The clashing steel stopped.

And then my fists connected with bare skin, and I realized I’d punched through the sparring pads—no, burned through them, and—

And I stopped, too.

The wrappings around my hands were now mere smudges of soot. Cassian’s upraised palms remained before me—ready to take the blow, if I needed to make it. “I’m all right,” he said quietly. Gently.

And maybe I was exhausted and broken, but I breathed, “I killed them.”

I hadn’t said the words aloud since it had happened.

Cassian’s lips tightened. “I know.” Not condemnation, not praise. But grim understanding.

My hands slackened as another shuddering sob worked its way through me. “It should have been me.”

And there it was.

Standing there under the cloudless sky, the winter sun beating on my head, nothing around me save for rock, no shadows in which to hide, nothing to cling to … There it was.

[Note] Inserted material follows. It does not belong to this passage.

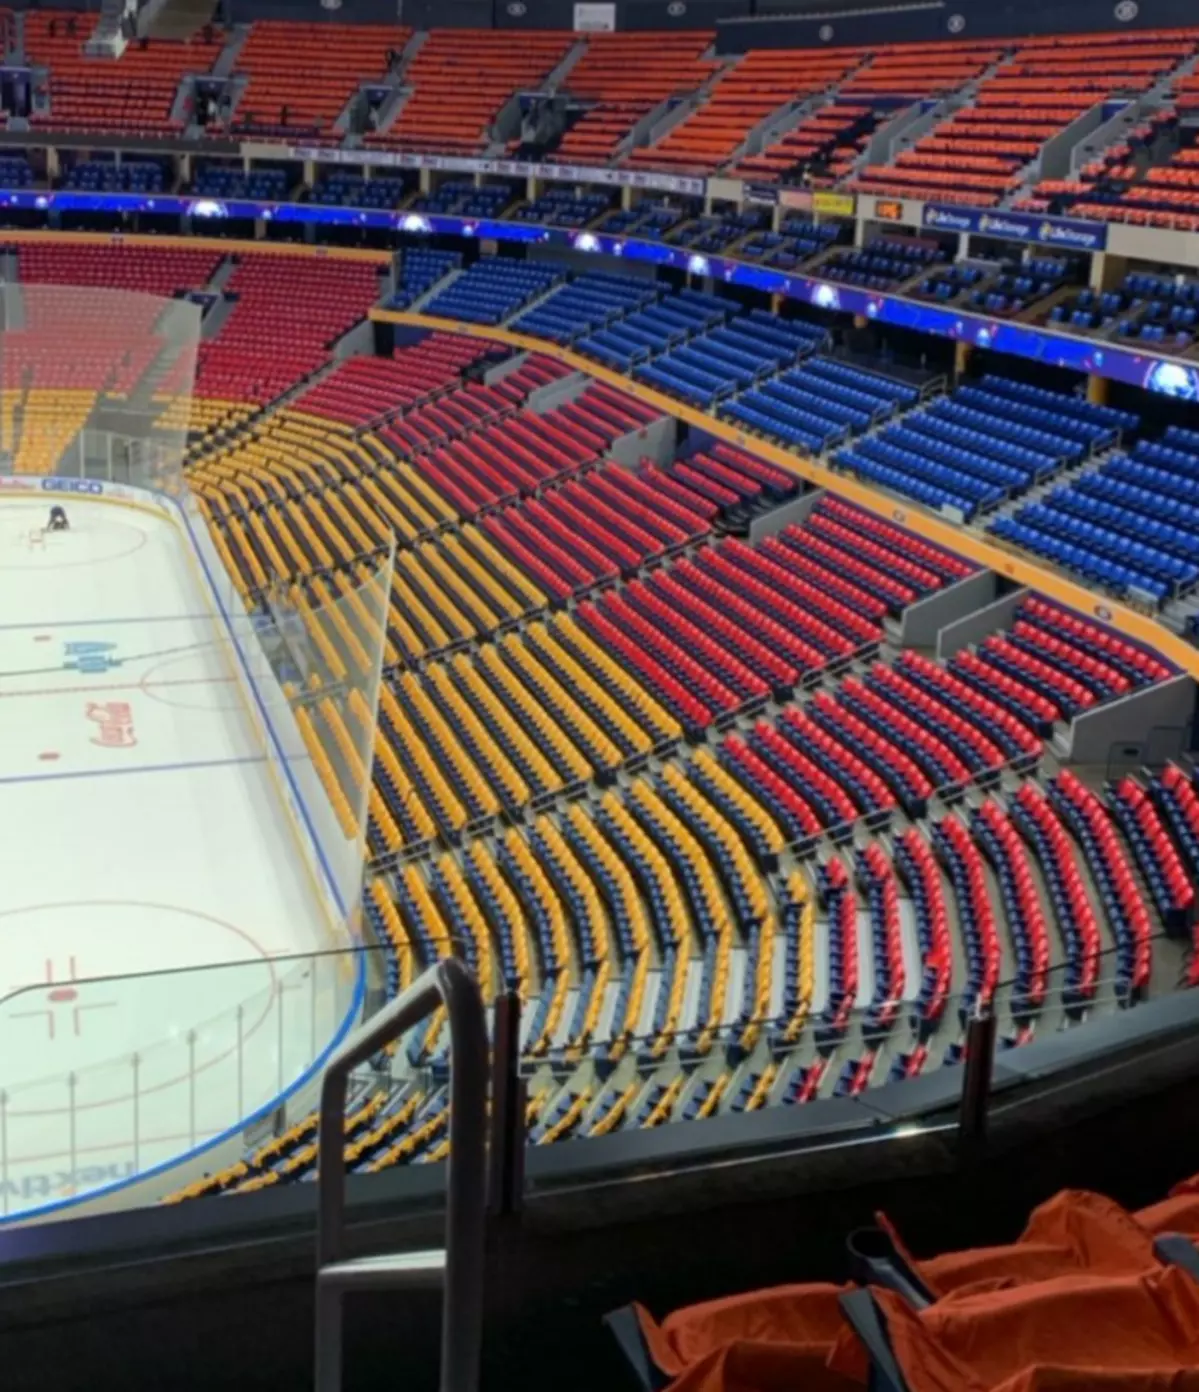 LOOK Key Bank Center Looks Like The Aud Tonight Only + It Is Awesome

Then darkness swept in, soothing, gentle darkness—no, shade—and a sweat-slick male body halted before me. Gentle fingers lifted my chin until I looked up … at Rhysand’s face.

His wings had wrapped around us, cocooned us, the sunlight casting the membrane in gold and red. Beyond us, outside, in another world, maybe, the sounds of steel on steel—Cassian and Azriel sparring—began.

“You will feel that way every day for the rest of your life,” Rhysand said. This close, I could smell the sweat on him, the sea-and-citrus scent beneath it. His eyes were soft. I tried to look away, but he held my chin firm. “And I know this because I have felt that way every day since my mother and sister were slaughtered and I had to bury them myself, and even retribution didn’t fix it.” He wiped away the tears on one cheek, then another. “You can either let it wreck you, let it get you killed like it nearly did with the Weaver, or you can learn to live with it.”